- Data for this task:

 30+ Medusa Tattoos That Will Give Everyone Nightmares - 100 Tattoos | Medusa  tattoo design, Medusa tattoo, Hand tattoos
--
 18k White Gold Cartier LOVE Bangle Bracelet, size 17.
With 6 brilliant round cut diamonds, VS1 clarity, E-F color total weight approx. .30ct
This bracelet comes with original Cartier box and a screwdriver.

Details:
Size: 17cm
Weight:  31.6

- About this task:
Go through the material and copy each line that contains "Cartier".

- Answer to the exercise:
 18k White Gold Cartier LOVE Bangle Bracelet, size 17.
This bracelet comes with original Cartier box and a screwdriver.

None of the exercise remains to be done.